## Provided data
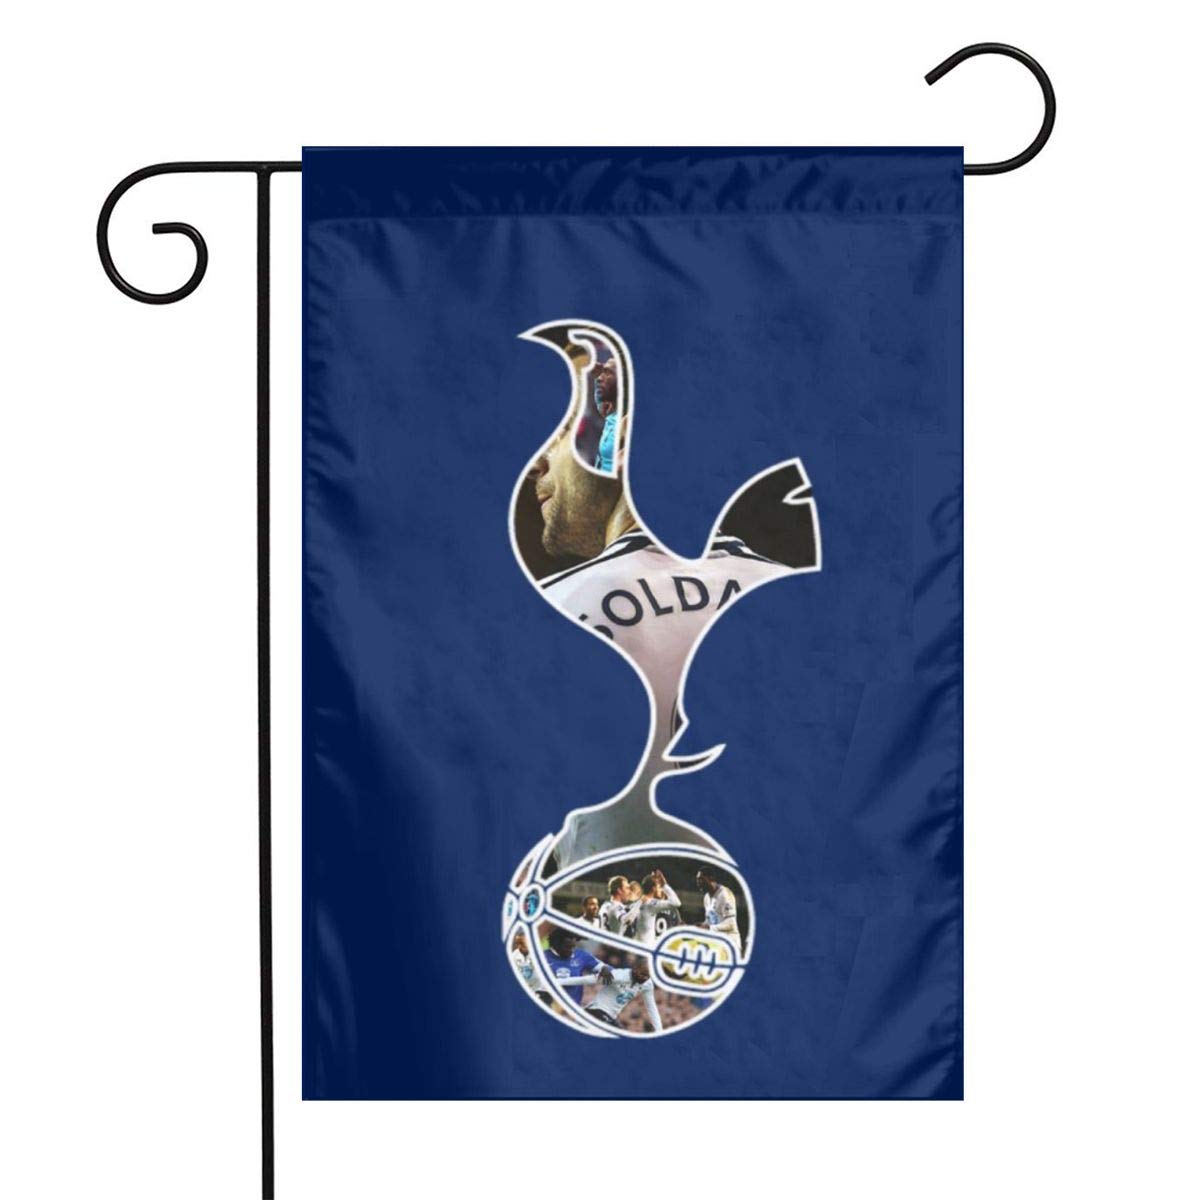 Tottenham Hotspur F.c. - HD Wallpaper 
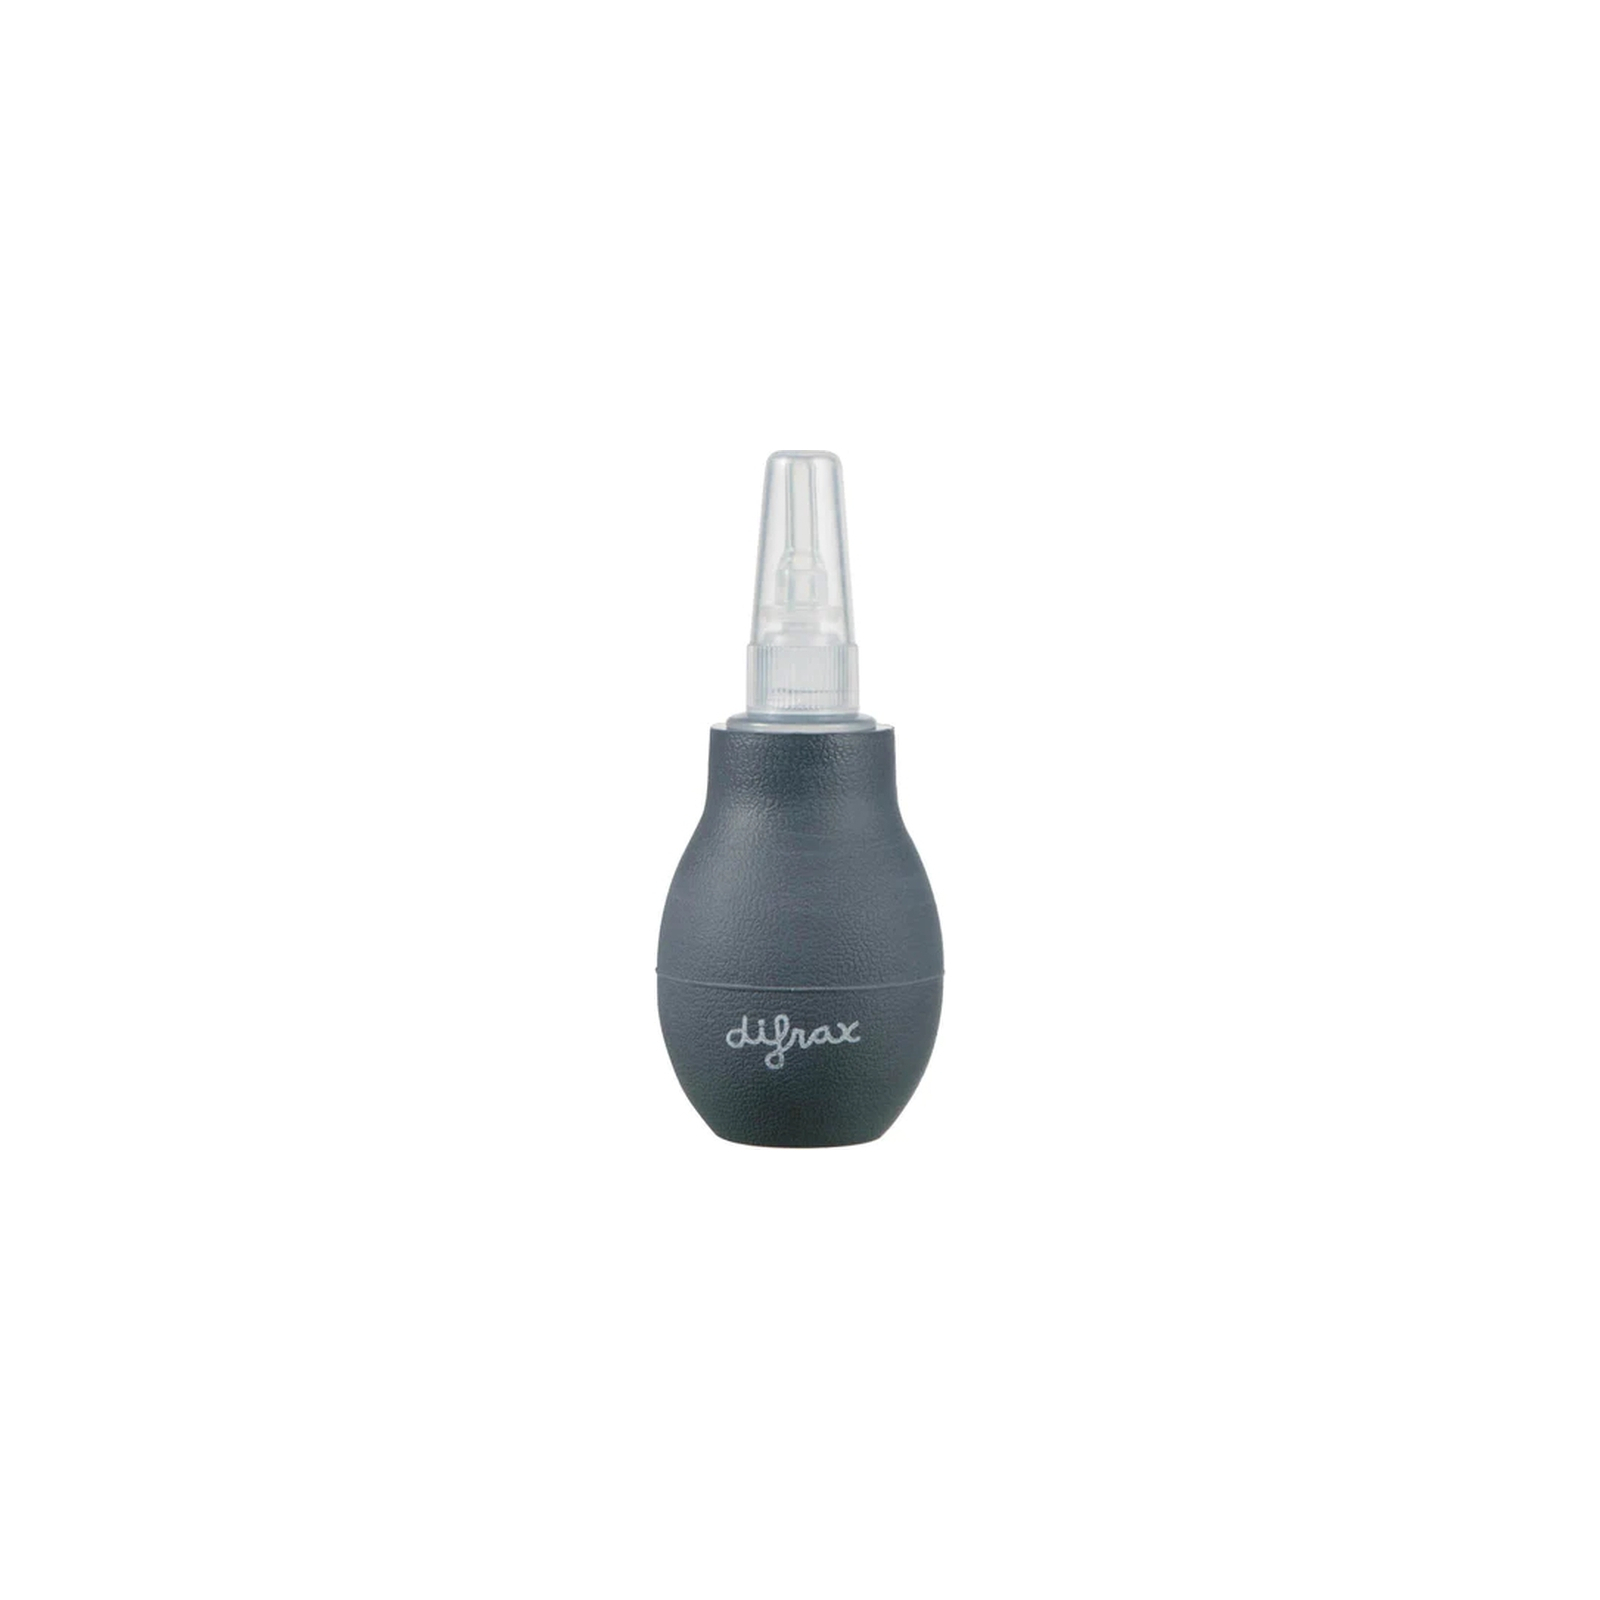 Носовой аспиратор Difrax Nasal aspirator (167)
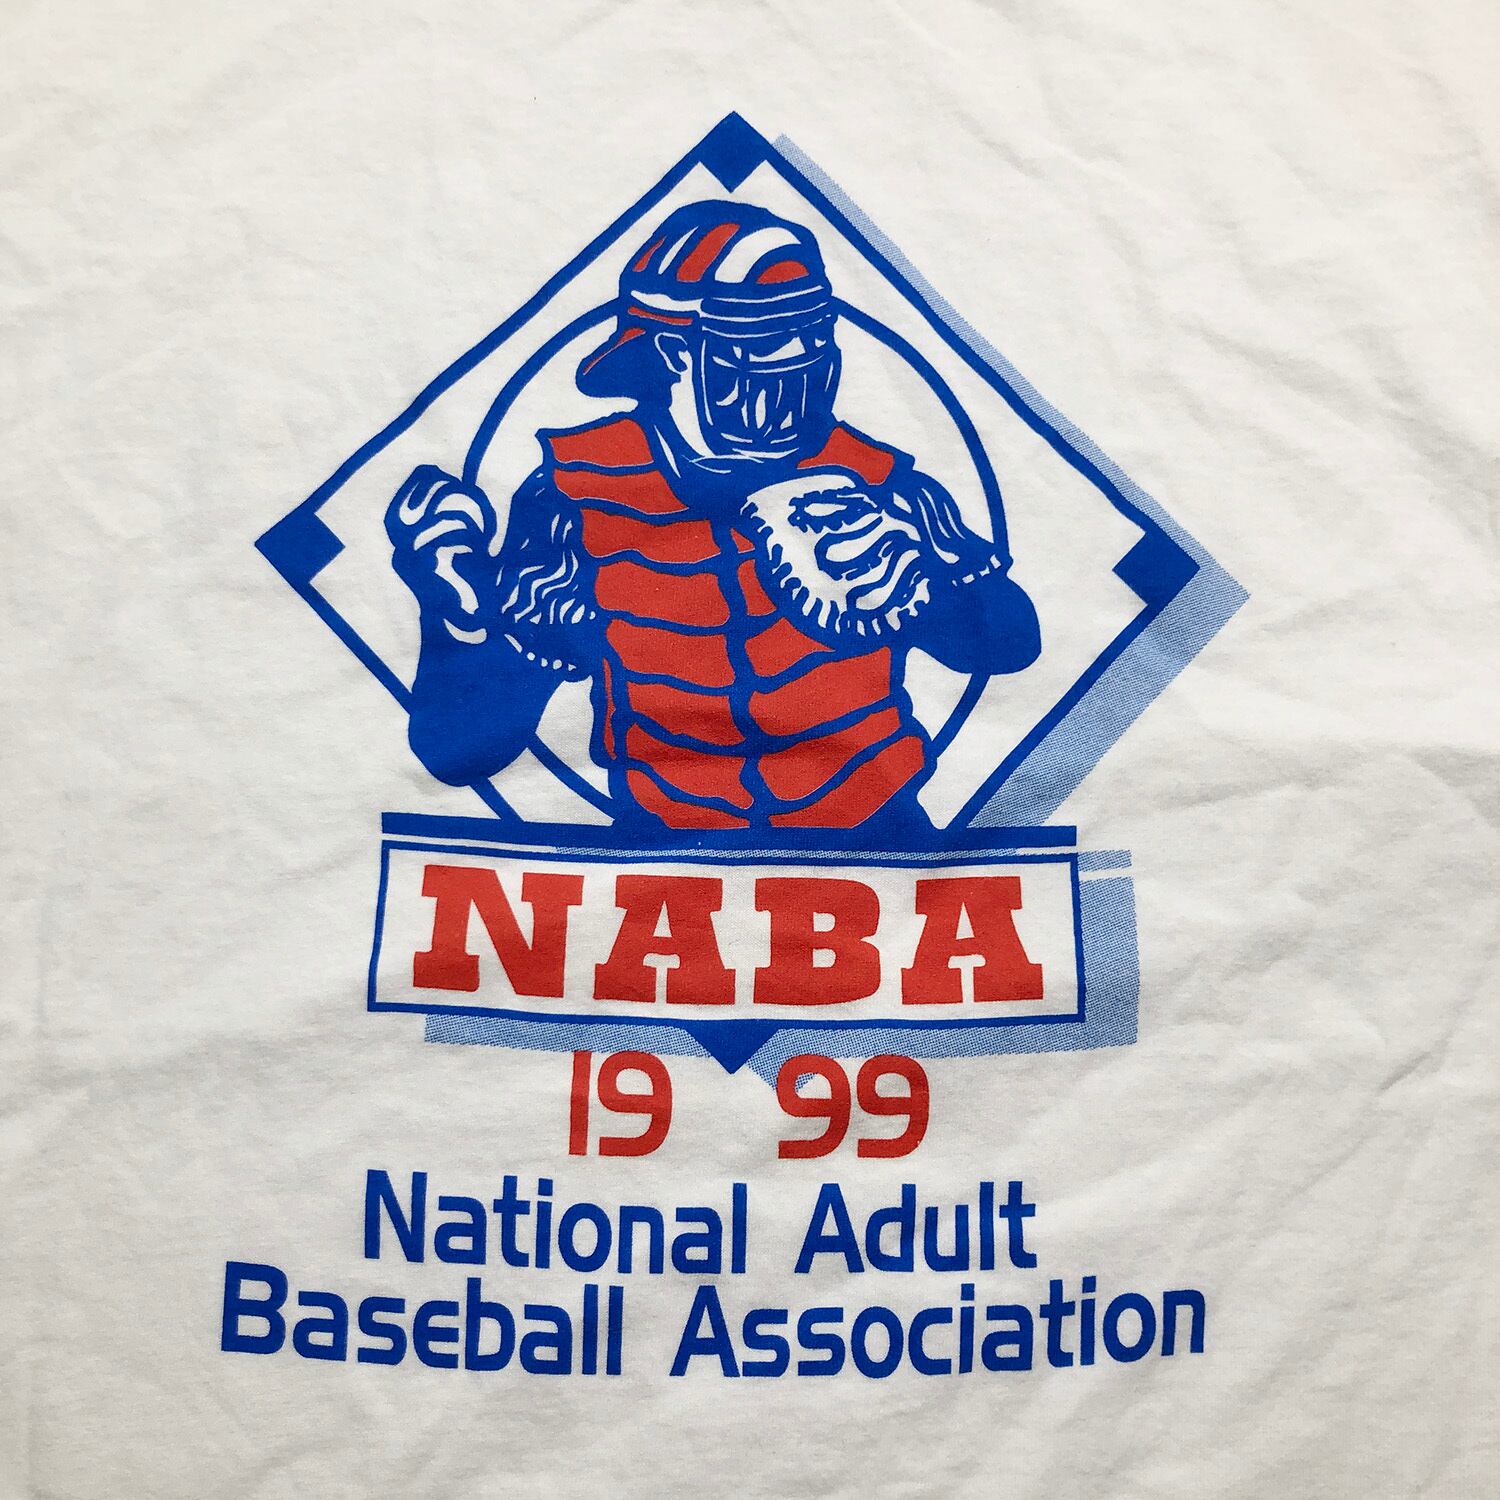 90S ヴィンテージ NABA ナショナルアダルトベースボールアソシエーション 1999年 野球 Tシャツ メンズXL 大きいサイズ 古着
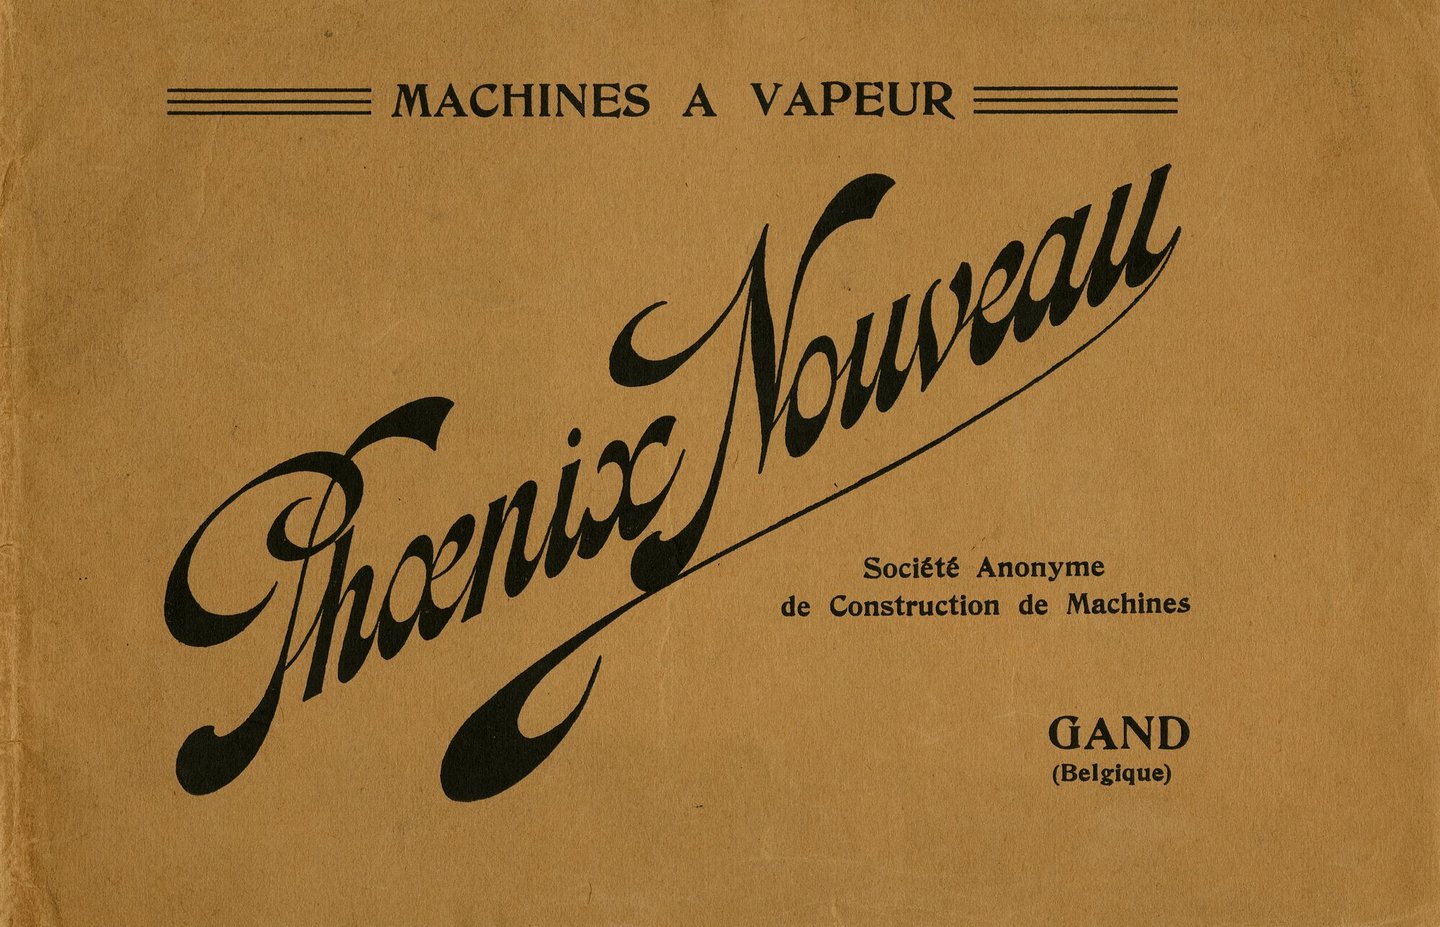 Brochure met bedrijfsinformatie van machinebouwer Phoenix Nouveau in Gent

## How to complete this task
Output the data above exactly, excluding images.

## Task output
 Tottenham Hotspur F.c. - HD Wallpaper 
 Носовой аспиратор Difrax Nasal aspirator (167)
 90S ヴィンテージ NABA ナショナルアダルトベースボールアソシエーション 1999年 野球 Tシャツ メンズXL 大きいサイズ 古着
 Brochure met bedrijfsinformatie van machinebouwer Phoenix Nouveau in Gent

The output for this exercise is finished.